It shouldn’t be a shocker that with killer abs come great responsibility. If you’re looking to sculpt your abs and reveal a flatter, tighter tummy, it’s time to take a good hard look at your daily routine. Carmel Rodriguez, fitness model and workout guru, and personal trainer Amanda Lee, have some envy-worthy abs and some important advice for fit girls who want to really tone their stomachs. Here are their 10 tips to optimize your abs!
#1 Mix It Up – Try HIIT, Planks, Stability Ball Training Etc for KILLER ABS
“Our bodies are so amazing and they adapt super quick, so we need to change up the routine. It’s why I rarely do the same workout more than twice.” says Carmel.
#2 Focus On Form, No Reps for KILLER ABS
It doesn’t matter if you do 100 push-ups, because if your form isn’t proper than you won’t see any results. Don’t overexert yourself and push your body to it’s breaking point. Instead, focus on doing each movement correctly and safely, and slowly you will see your desired abs start to pop.
#3 Eat for KILLER ABS
Abs are muscles, and muscles require nutrition to grow and remain strong. Carmel has no concern for portion size or getting in a certain number of meals per day. She eats when she’s hungry and stops when she’s full. As long as you’re making healthy choices, that is all that matters.
#4 Cheat for KILLER ABS
Every once and a while, a cheat meal is acceptable. The secret is not to get hung up on guilt, and really enjoy your meal.
“As a mom with two kids (three if you include my husband), I can’t always eat perfectly.” Carmel explains. “I believe in eating everything in moderation — even pizza, which is a family favorite — and that the body needs a bit of ‘bad’ food for it to truly make use of the ‘good’ food.”

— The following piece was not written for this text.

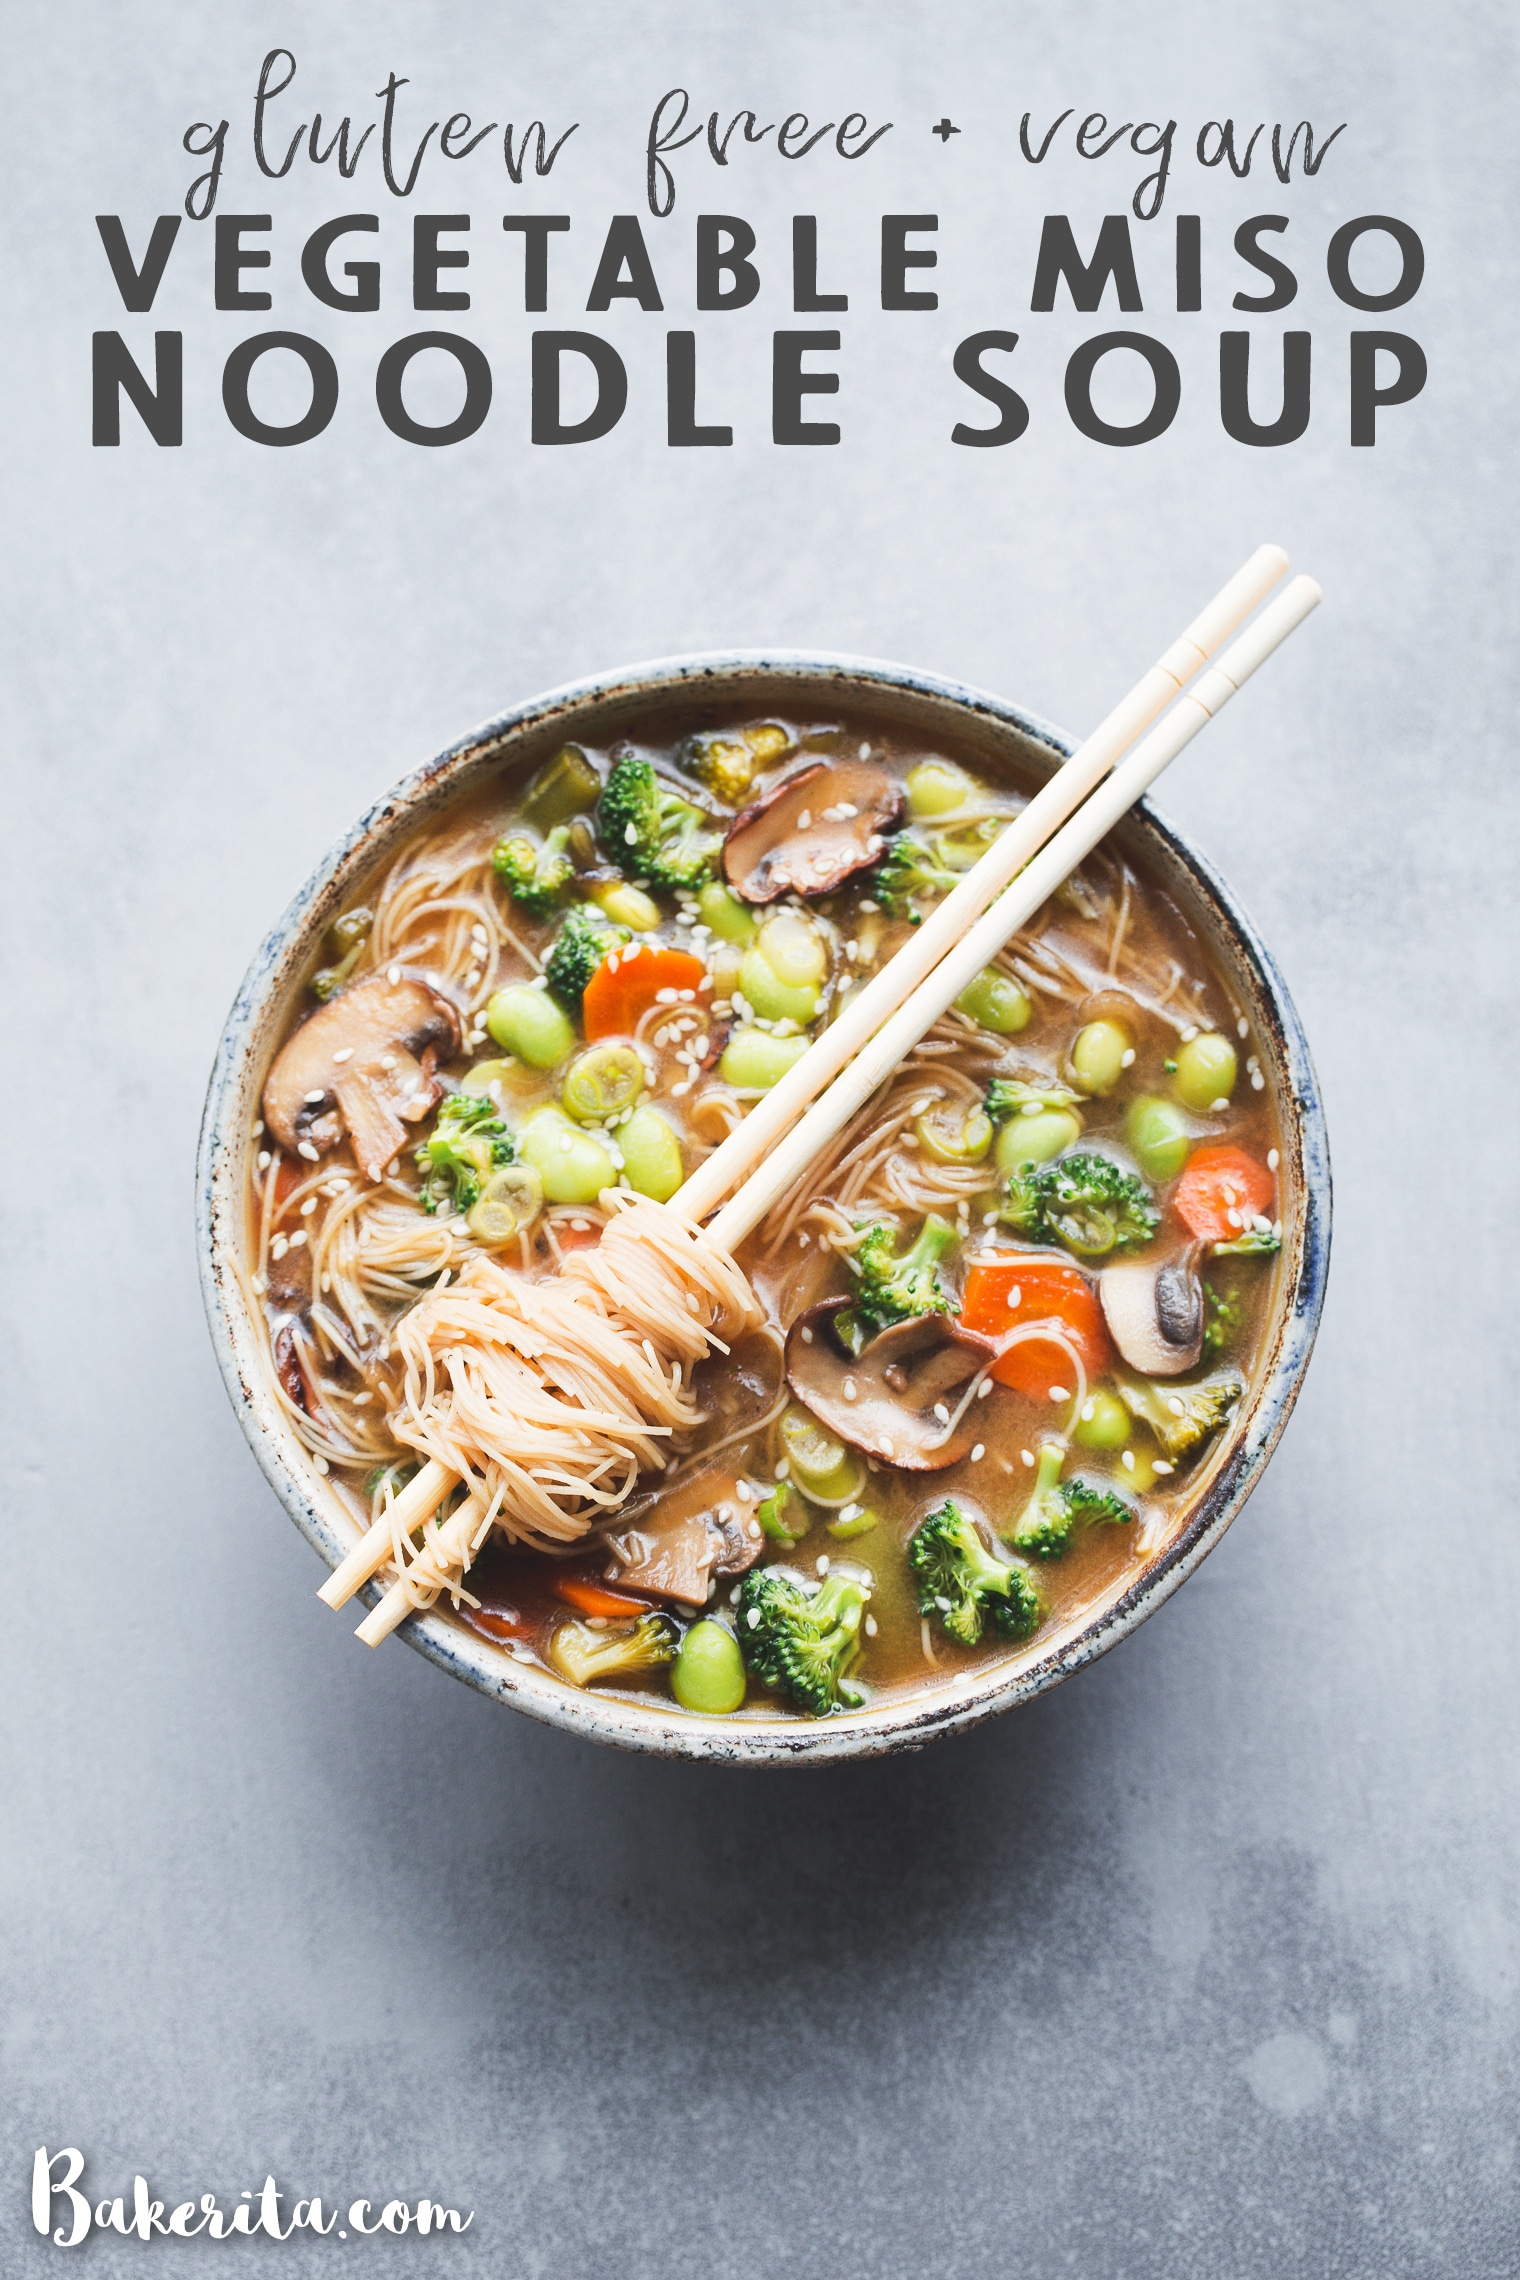 Make this easy Gluten-Free & Vegan Vegetable Noodle Miso Soup for dinner tonight! It's simple to make in under 30 minutes and irresistibly delicious. You can customize the soup with whatever vegetables you have on hand.
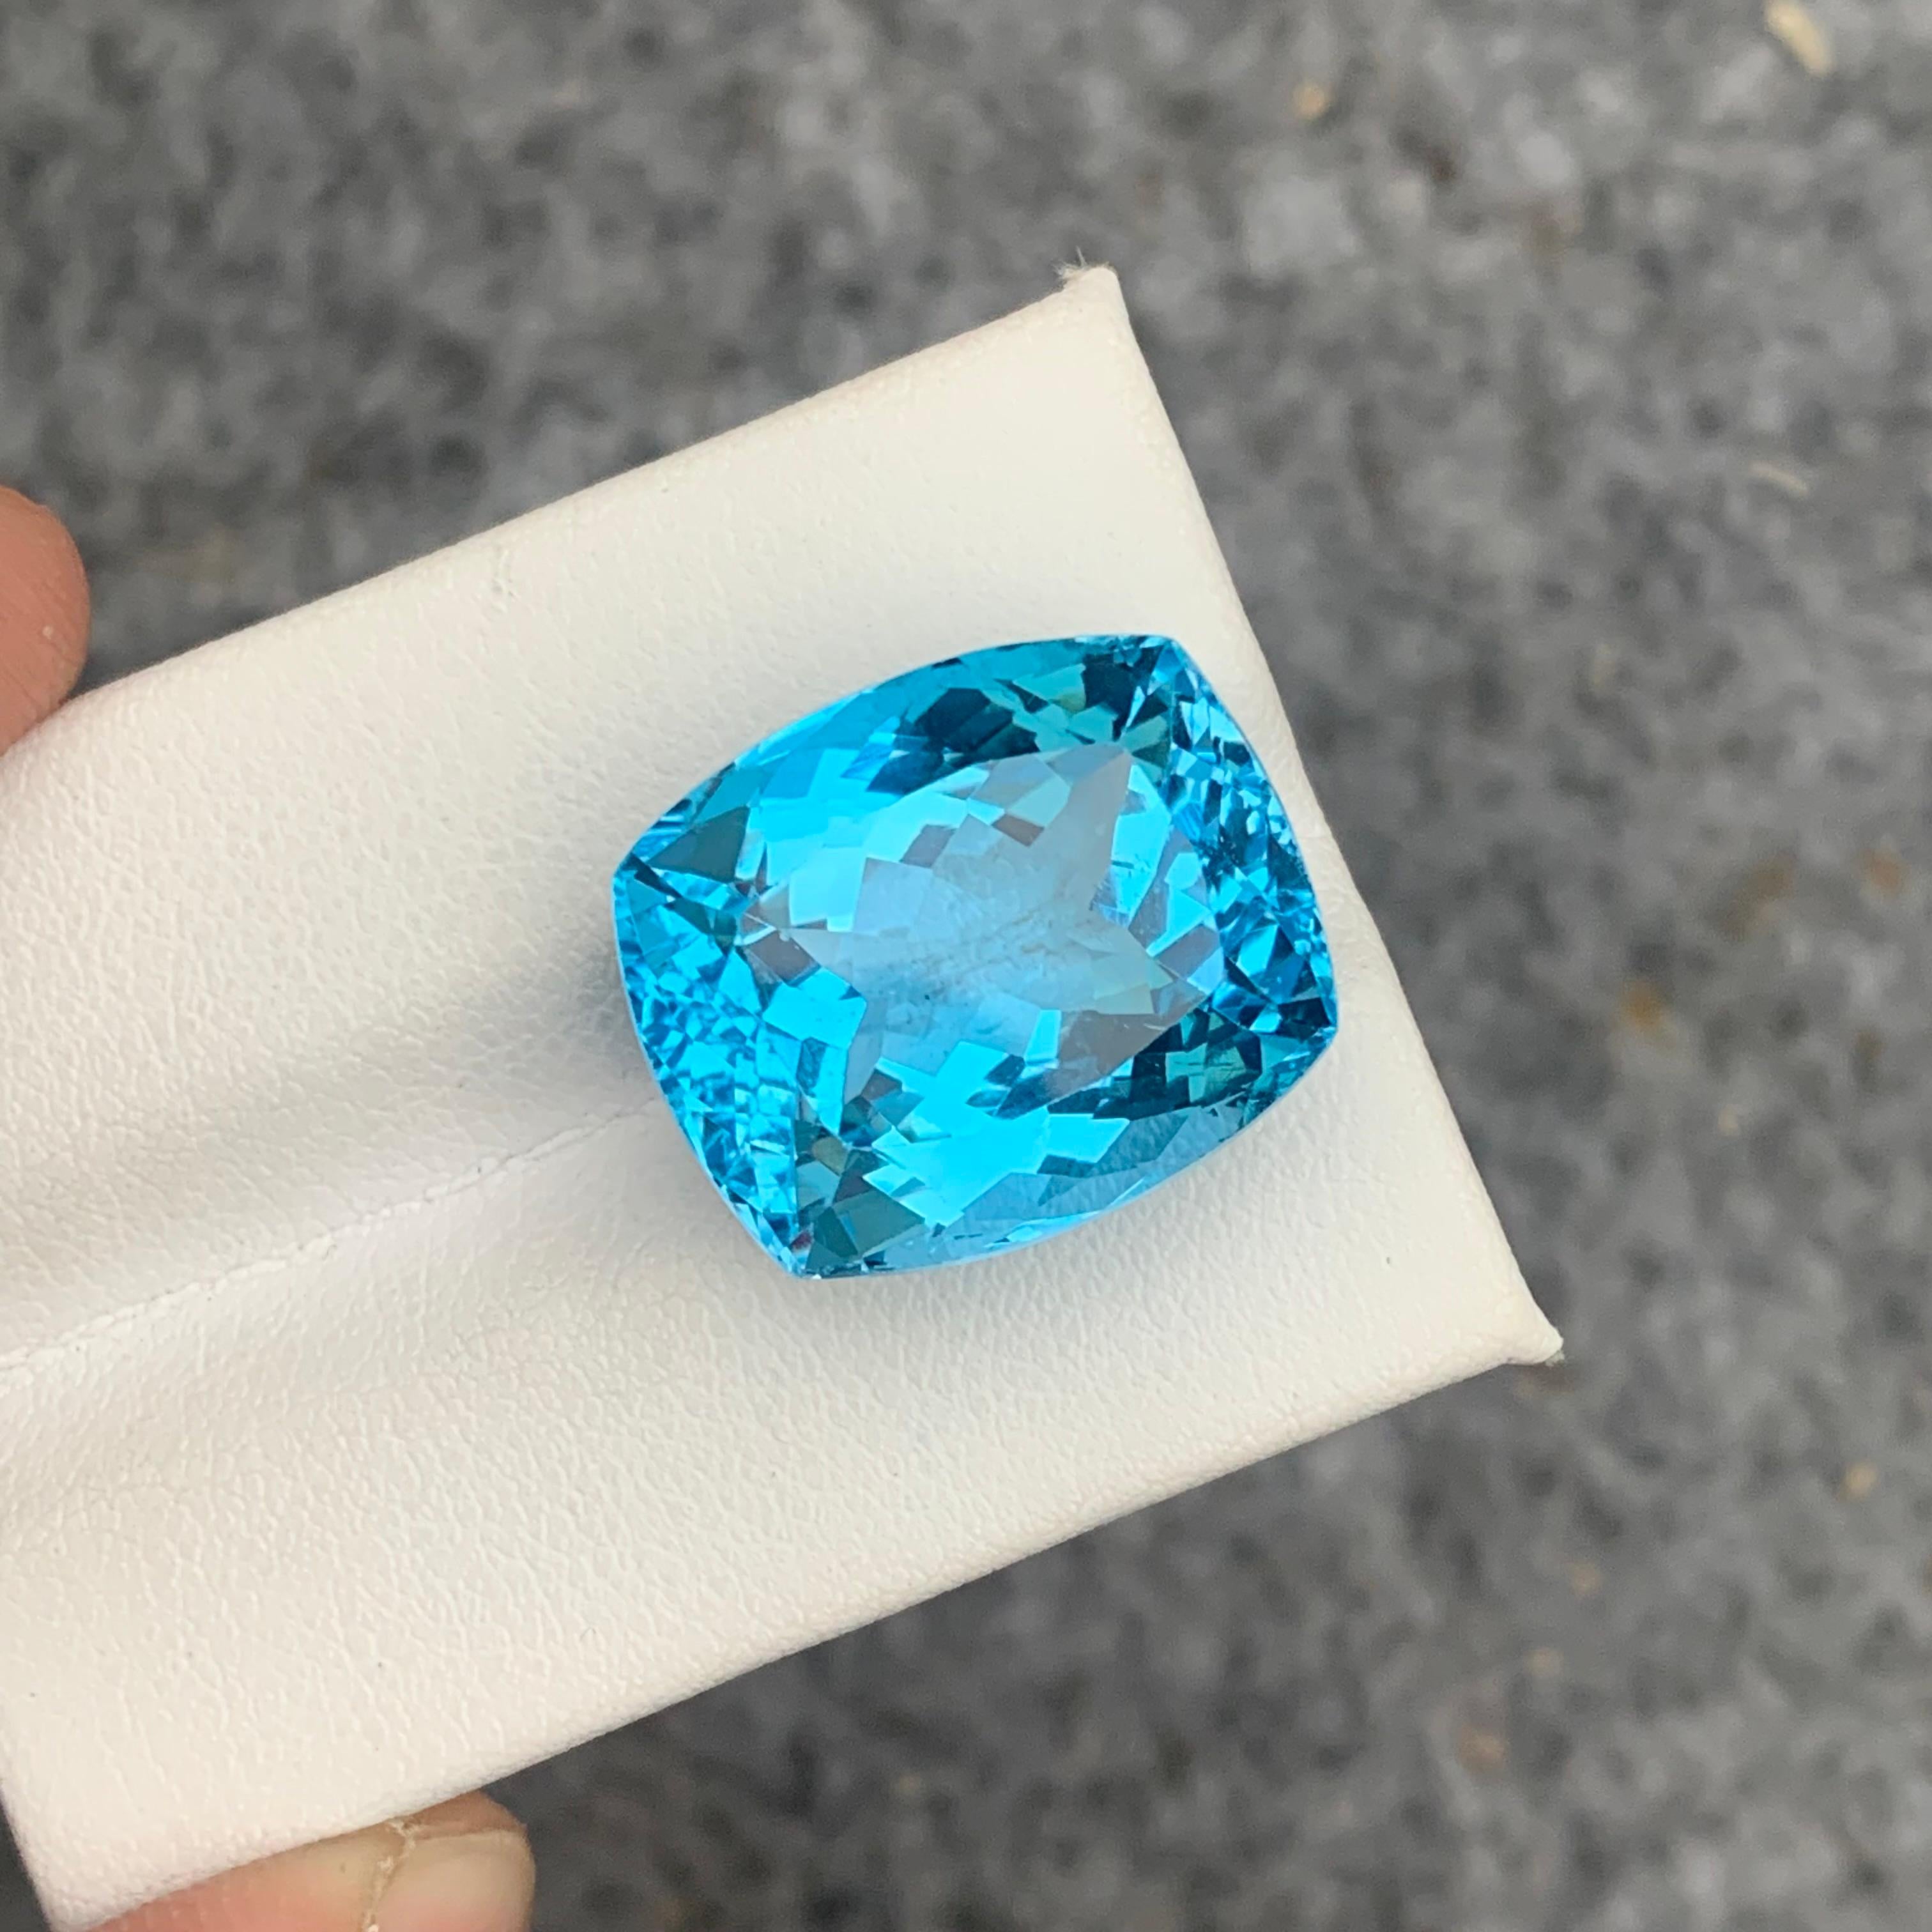 Gorgeous 31.10 Carat Loose Blue Topaz from Brazil Long Cushion Cut for Jewelry 12

#5 Stick To Lean Meats And Smart Carbs for KILLER ABS
Carmel recommends consuming lots of starchy carbs, like sweet potatoes and rice. She even eats bread, but makes sure it’s ‘smart’ by choosing whole grains. She only allows herself lean protein sources, like chicken and fish.
#6 Overload On Water for KILLER ABS
Staying hydrated is essential whether you are building killer abs or not. Amanda likes to get 3 to 4 litres of water into her system each day. She also ‘eats her water’ by incorporating healthy, lush veggies and fruits into her diet that have a high H2O content (think cucumbers and watermelons).
#7 Swap Sit-Ups For Planks for KILLER ABS
“Planks are my favorite abs exercise because they’re way more effective for targeting your core than a classic sit-up and are proven to engage more of your abdominal muscles.” Amanda says.
#8 Plan Mobile Workouts for KILLER ABS
Before heading off on a trip or starting a busy day, plan out workouts that you can do from virtually anywhere. Easy, fast and effective workouts that are available online (such as BodyRock workouts) can be done on your phone, tablet or laptop wherever you may be. No excuses!
#9 Use Gym Time Wisely for KILLER ABS
Because Carmel is a mother, she needs to get the most out of every second at the gym because she doesn’t have a lot of time to workout in a day. It’s important to make each exercise count to get the ripped abs you crave. Your goal at the gym is to torch calories, or else your abs will never pop.
#10 Set Goals You Know You Can Achieve for KILLER ABS
“Instead of going to the gym thinking about my abs, I go to the gym thinking about getting an extra 10 seconds in my plank or lasting an extra five minutes in my run.” Carmel says.
Get a journal and start documenting each time you increase your fitness level, increase your workout time or even just feel good about your progress. This will encourage you to keep going!
What are your tips for getting shredded abs? Share them with us!